Canada’s fledgling economic expansion took a pause in November, as gross domestic product (GDP) edged up 0.1%, following a 0.3% gain in October, Statistics Canada reported this morning.
The transportation and warehousing sector grew in line with the economy showing just a 0.1% gain in GDP. However, that was an improvement over the previous month when this sector showed no growth at all. Transportation and warehousing GDP growth has been 1.9% since September 2001, which is considerably below the overall Canadian industry average of 3.7% GDP growth for this time frame.
In regards to the overall economy’s growth, lower consumer confidence levels had a negative impact on retailers in November. Retailing activity declined 1.1%, mostly the result of a 3.5% drop in sales at new motor vehicle dealers. November marked the one-year anniversary of the introduction of zero-percent financing by the Big Three US automakers; at that time, sales surged 6.1%.

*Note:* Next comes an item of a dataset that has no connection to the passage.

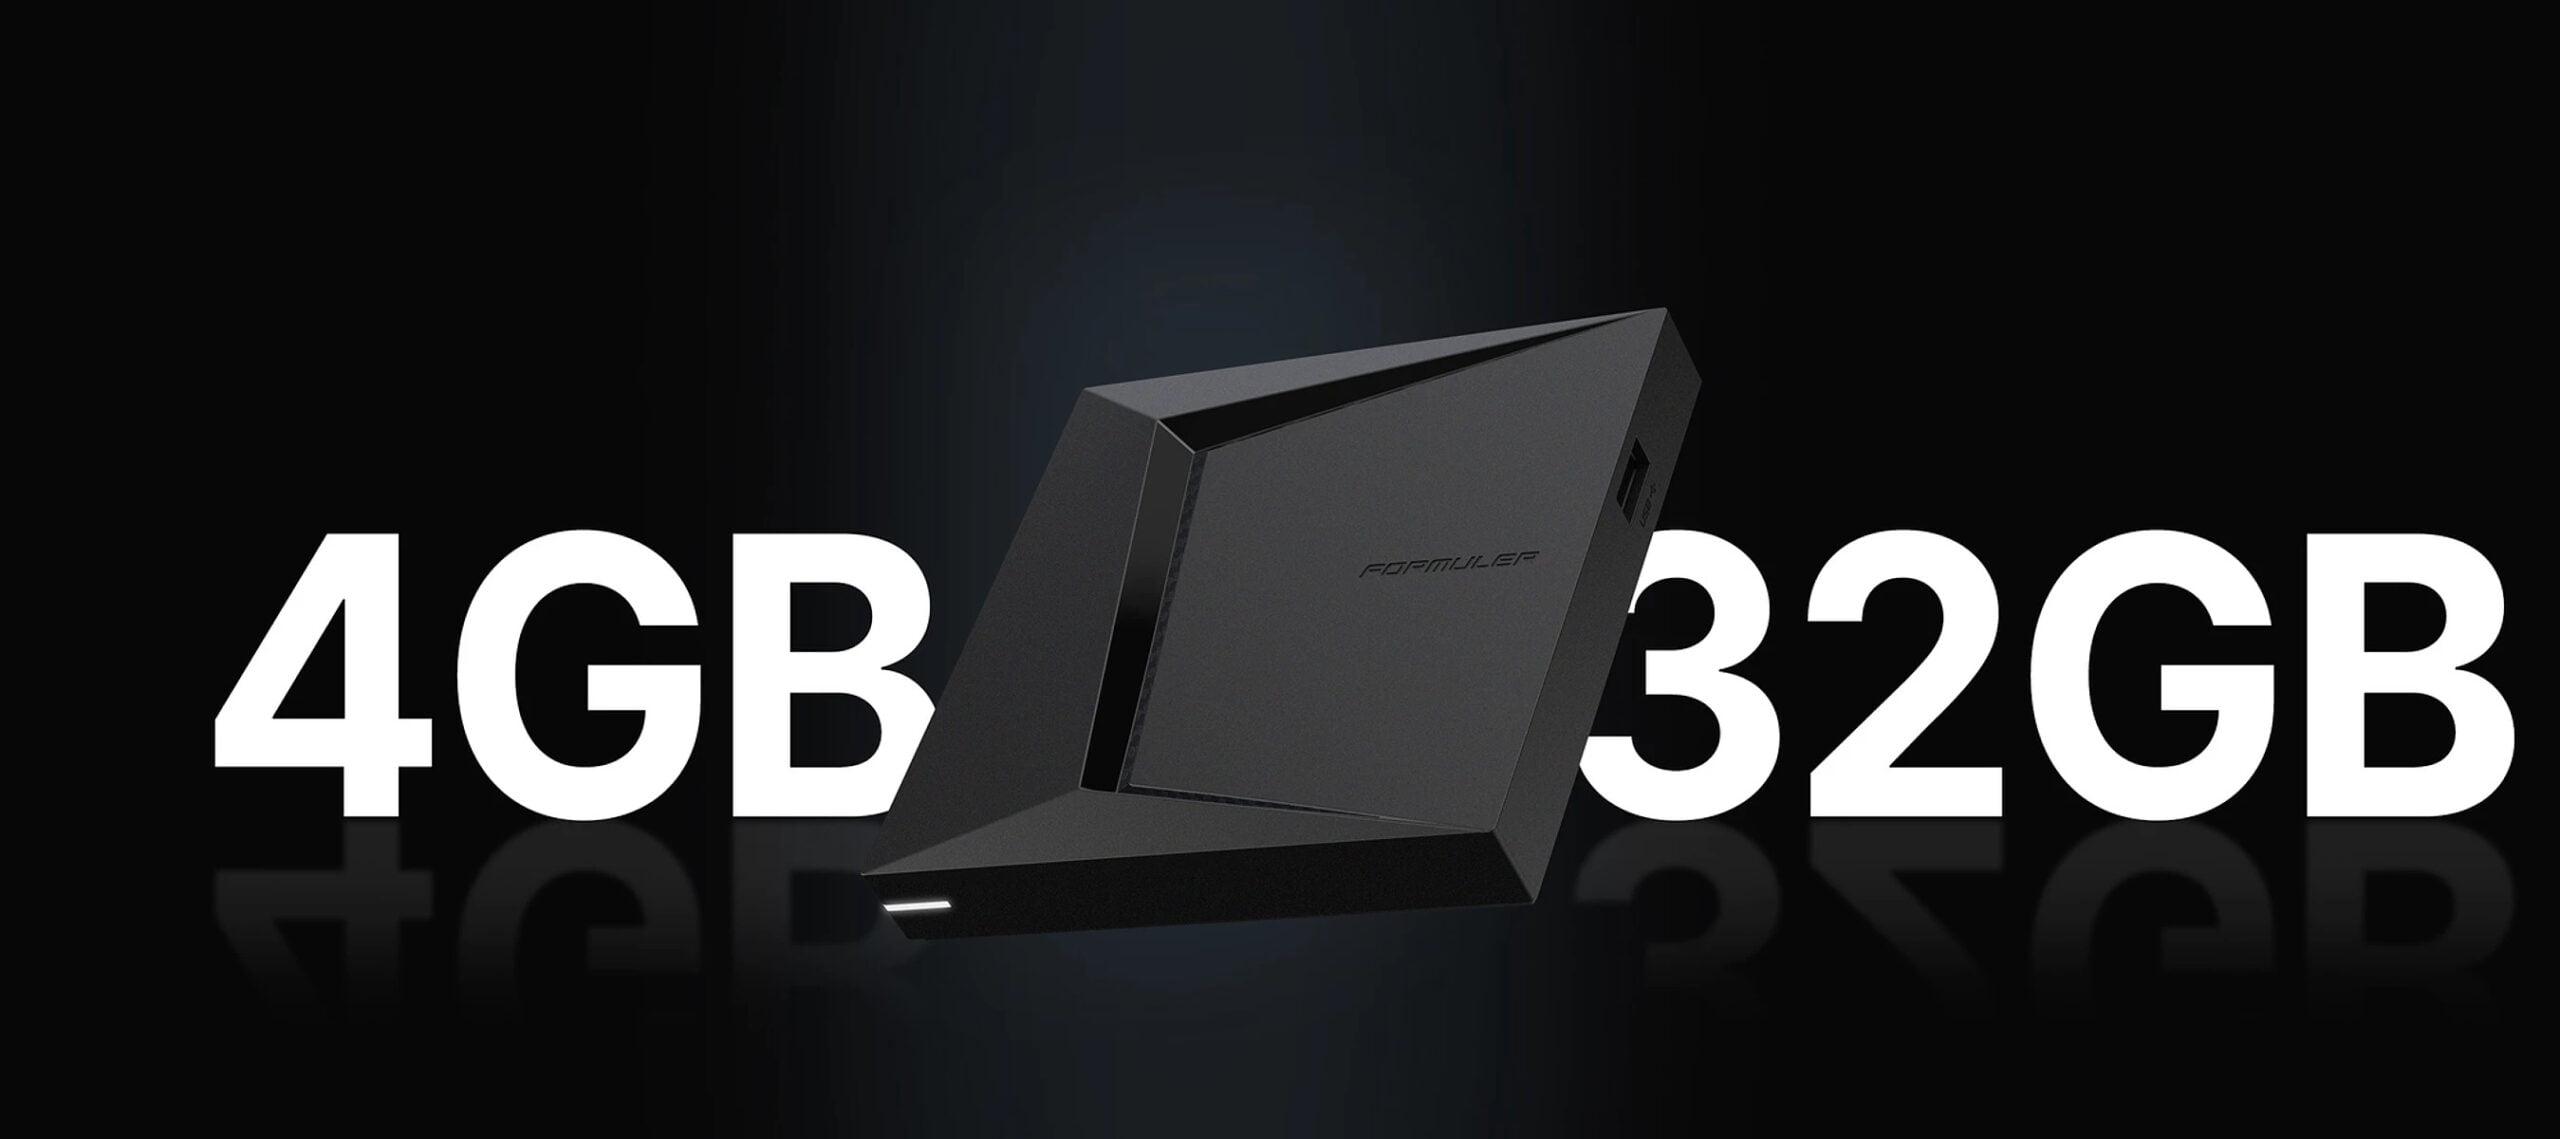 Formuler Z10 Pro Max 4GB 32GB

Industrial production (mining, utilities and manufacturing sectors) remained unchanged in November, as reduced electricity generation offset gains in mining and manufacturing. Industrial production growth has been muted since a 1.5% surge in July. Comparable US statistics on industrial production showed an increase of 0.1%, as a surge in motor vehicle production led to the first monthly increase since July.
Output from the Canadian mining and oil and gas sector increased 0.9%, as higher crude oil and natural gas prices drove exploration activity up 9.2% in November. However, drilling and rigging activity levels were almost 10% below November 2001 levels. Exploration and drilling budgets had been cut in 2002 in anticipation of low energy prices. Meanwhile, oil and gas output declined 0.5% as a result of lower production of synthetic oil. Production from Canadian mines expanded significantly in October and November, after declining for much of 2002, as a number of mines re-opened after closures earlier in the year.
Manufacturing output changed little (+0.1%), as gains by non-durable goods manufacturers were offset by declines of durable goods manufacturers. Increases by producers of concrete, cement, paper products, wood products, chemicals, plastics and rubber products were offset by lower production of transportation equipment, computer and electronic products, fabricated metal products and furniture. Lower production of computers and telecommunications equipment continued to reduce the output of the information and communication technologies (ICT) manufacturing sector. ICT manufacturing declined 1.1% in November, the second consecutive monthly decline.
Manufacturers of transportation equipment pared back production a further 0.8% in November, the third consecutive monthly decrease. Manufacturers of motor vehicles and heavy trucks cut output 5.6% in an attempt to reduce rising inventories as the North American market for new motor vehicle sales cooled down in recent months. Meanwhile, motor vehicle parts production expanded 2.8%, mainly the result of added capacity. Fabricators of aerospace products and parts reduced production a further 0.9%, as anaemic demand since September 2001 for air travel continued to have a negative impact on this industry.
Sawmill producers decreased output slightly in November; however, output levels in this industry were 17% higher than in November 2001. Over the past 12 months, sawmill production peaked in April 2002 – the month before the United States imposed countervailing and anti-dumping duties averaging 27.2%. Lumber exports fell slightly in November after surging 7.3% in October, mirroring the production data. Since the imposition of the duties, sawmill producers have ramped up production in an attempt to reduce unit costs. Lumber prices, as a result, have fallen dramatically because of excess supply. A strong North American new-housing market has boded well for manufacturers of value-added wood products. Producers of veneer and plywood, structural wood products, windows and doors have all reported significant gains in output since the start of this latest housing boom in mid-2001.